Pit Bulls and Profiling
Malcolm Gladwell· (probably best known as the pop-sociologist author of The Tipping Point·) has an excellent piece in this week’s New Yorker· on what pit bulls can teach us about profiling·. The argument boils down to one about common tendencies in misinterpreting data and drawing the wrong (or “unstable”) generalizations from apparently recurrent phenomena.
Everyone’s favorite security guru Bruce Schneier· has made similar arguments in the past·, but Gladwell’s style in this case is more compelling. I particularly liked this passage about The Godfather:
In July of last year, following the transit bombings in London, the New York City Police Department announced that it would send officers into the subways to conduct random searches of passengers’ bags. On the face of it, doing random searches in the hunt for terrorists — as opposed to being guided by generalizations — seems like a silly idea. As a columnist in New York wrote at the time, “Not just ‘most’ but nearly every jihadi who has attacked a Western European or American target is a young Arab or Pakistani man. In other words, you can predict with a fair degree of certainty what an Al Qaeda terrorist looks like. Just as we have always known what Mafiosi look like — even as we understand that only an infinitesimal fraction of Italian-Americans are members of the mob.”

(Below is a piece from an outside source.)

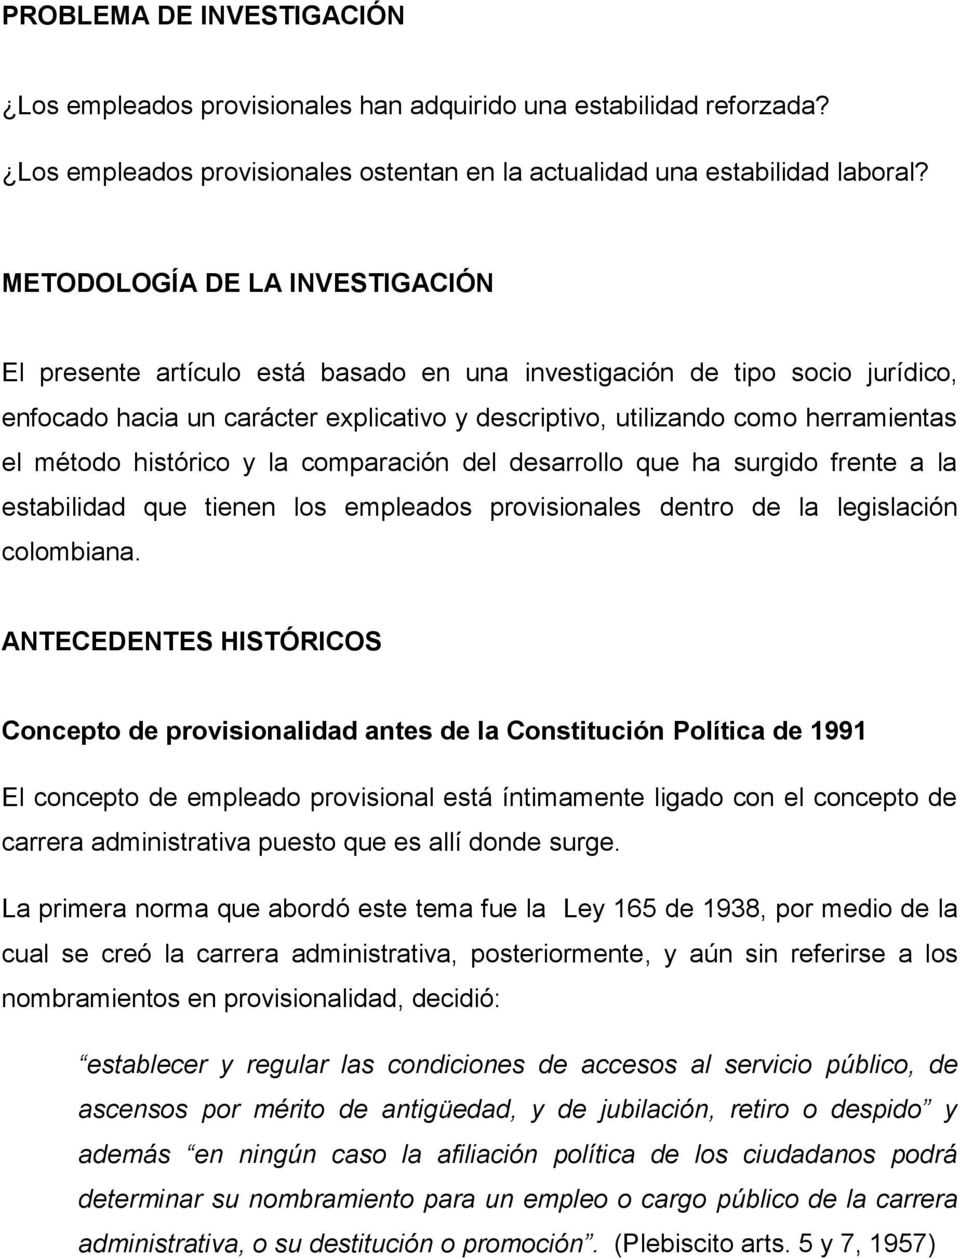 método histórico y la comparación del desarrollo que ha surgido frente a la estabilidad que tienen los empleados provisionales dentro de la legislación colombiana.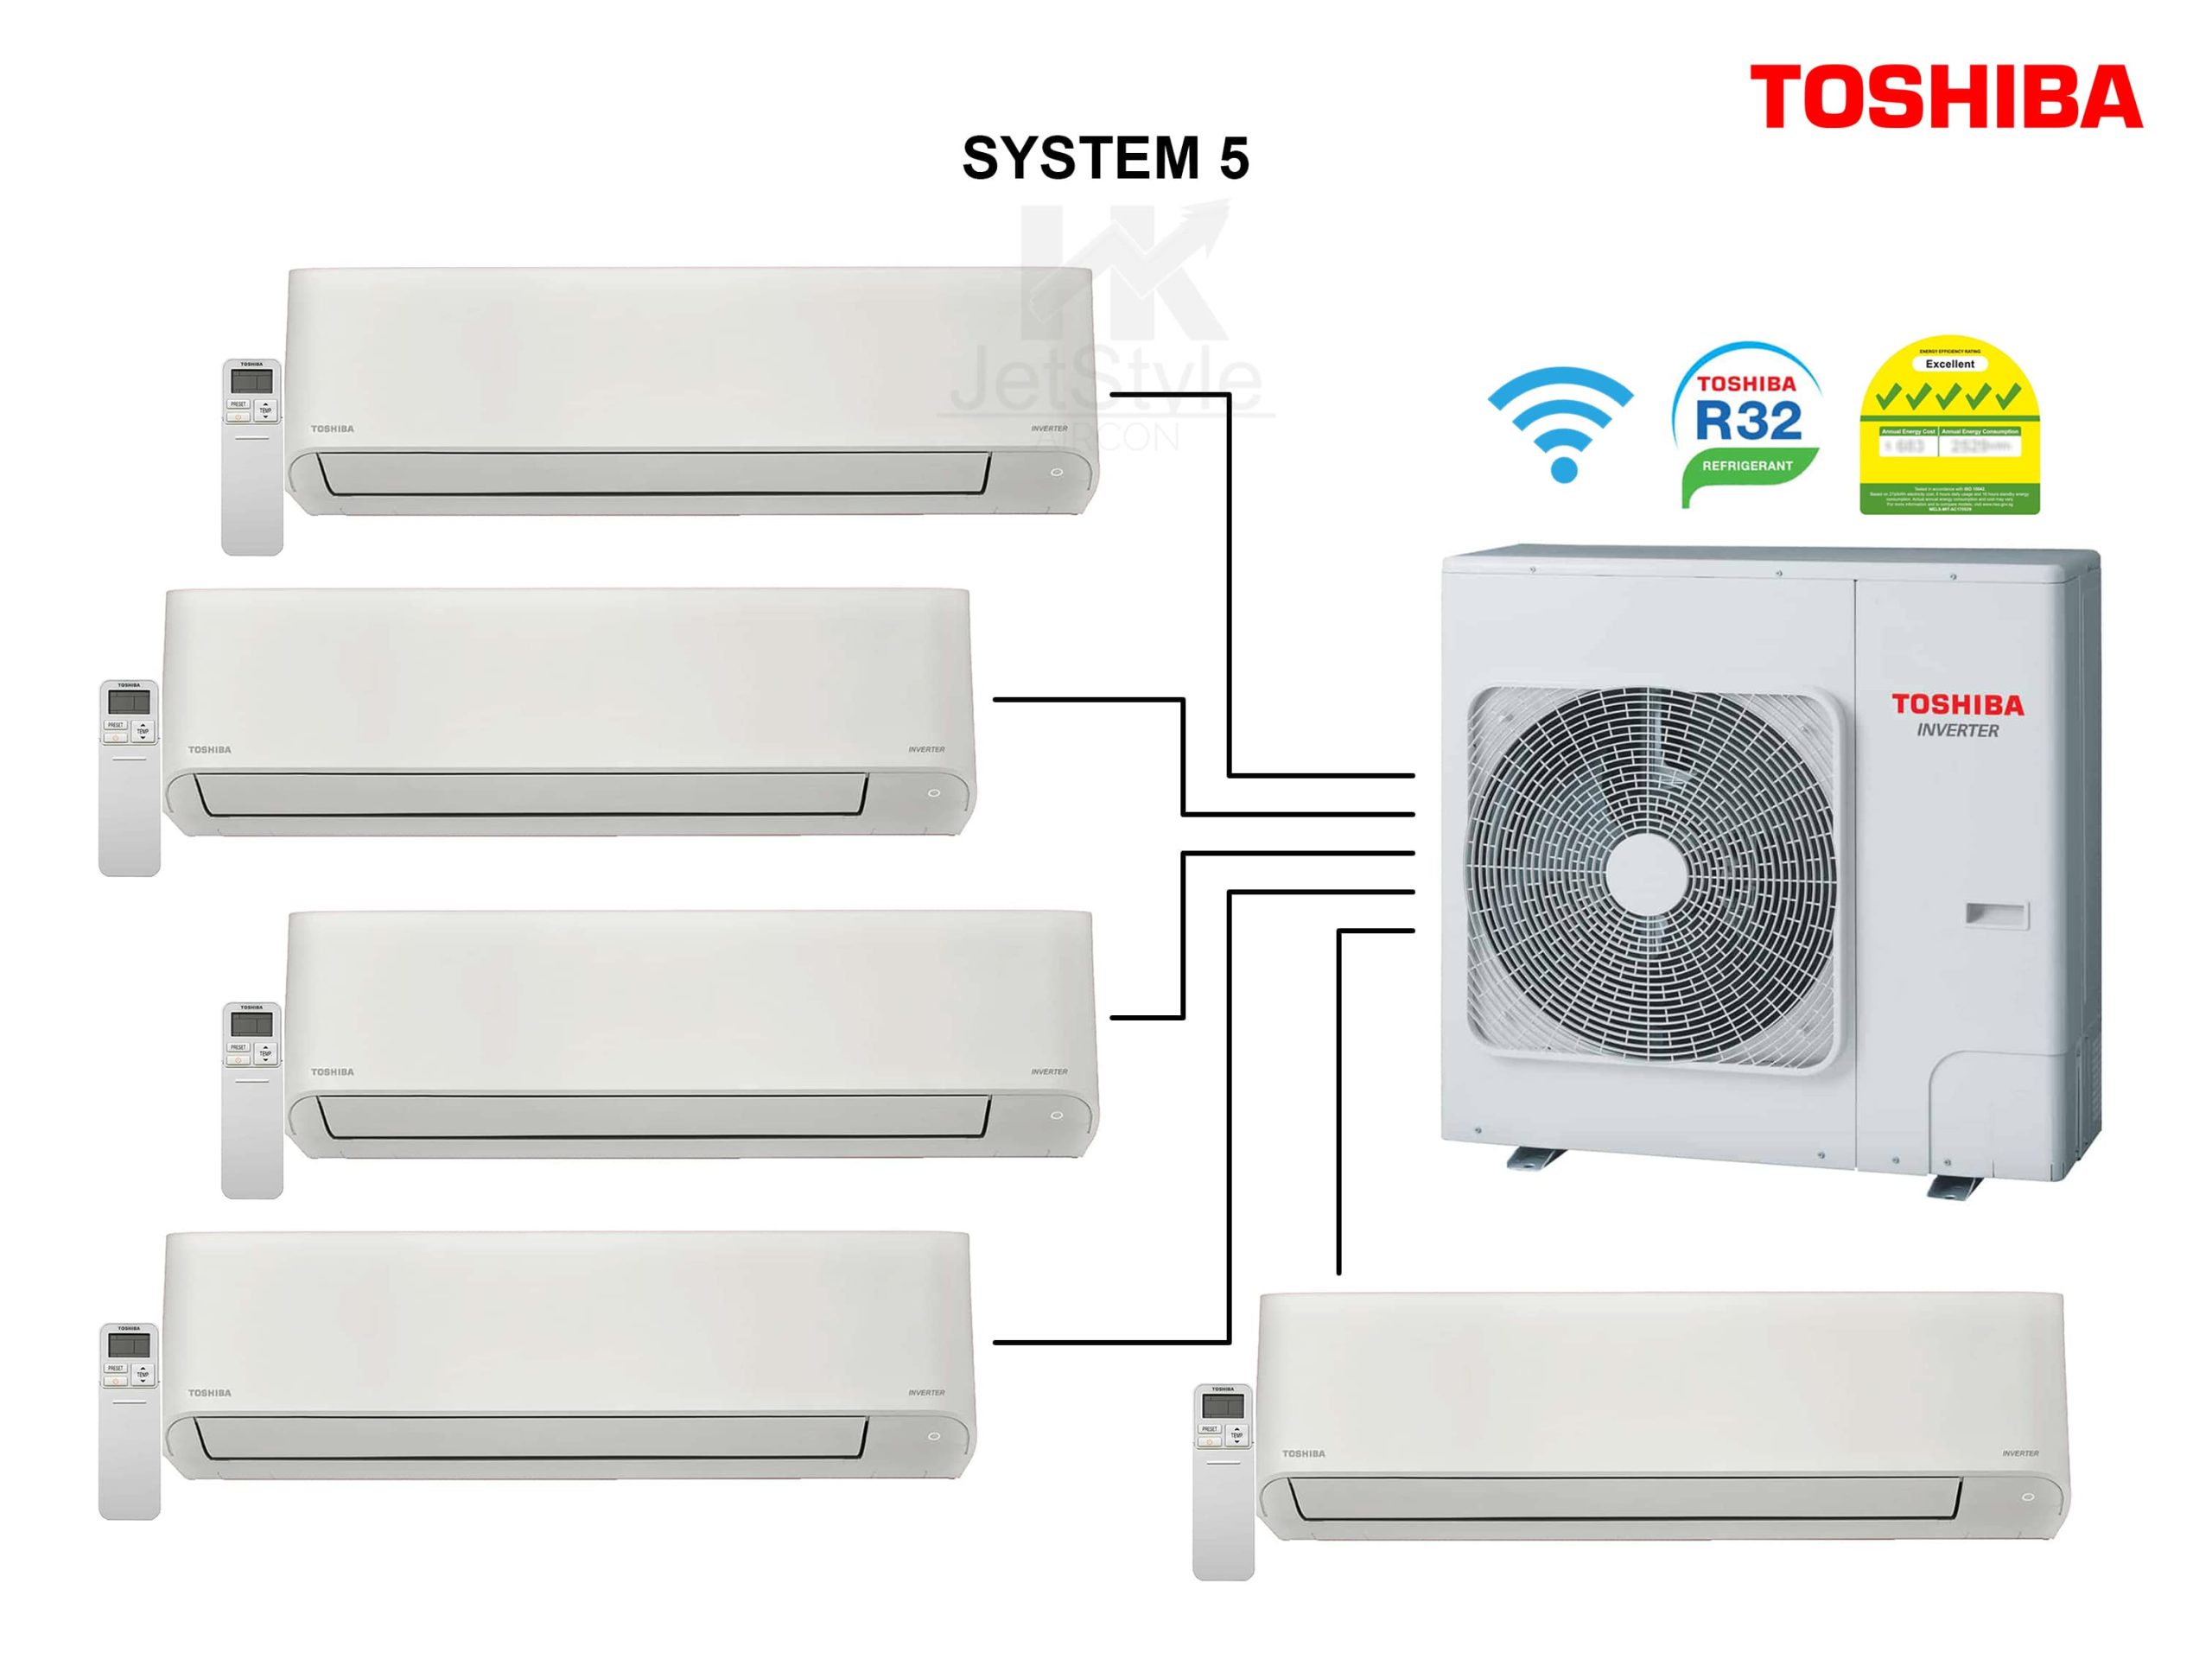 Toshiba System 5

But wait: do we really know what mafiosi look like? In “The Godfather,” where most of us get our knowledge of the Mafia, the male members of the Corleone family were played by Marlon Brando, who was of Irish and French ancestry, James Caan, who is Jewish, and two Italian-Americans, Al Pacino and John Cazale. To go by “The Godfather,” mafiosi look like white men of European descent, which, as generalizations go, isn’t terribly helpful. Figuring out what an Islamic terrorist looks like isn’t any easier. Muslims are not like the Amish: they don’t come dressed in identifiable costumes. And they don’t look like basketball players; they don’t come in predictable shapes and sizes. Islam is a religion that spans the globe.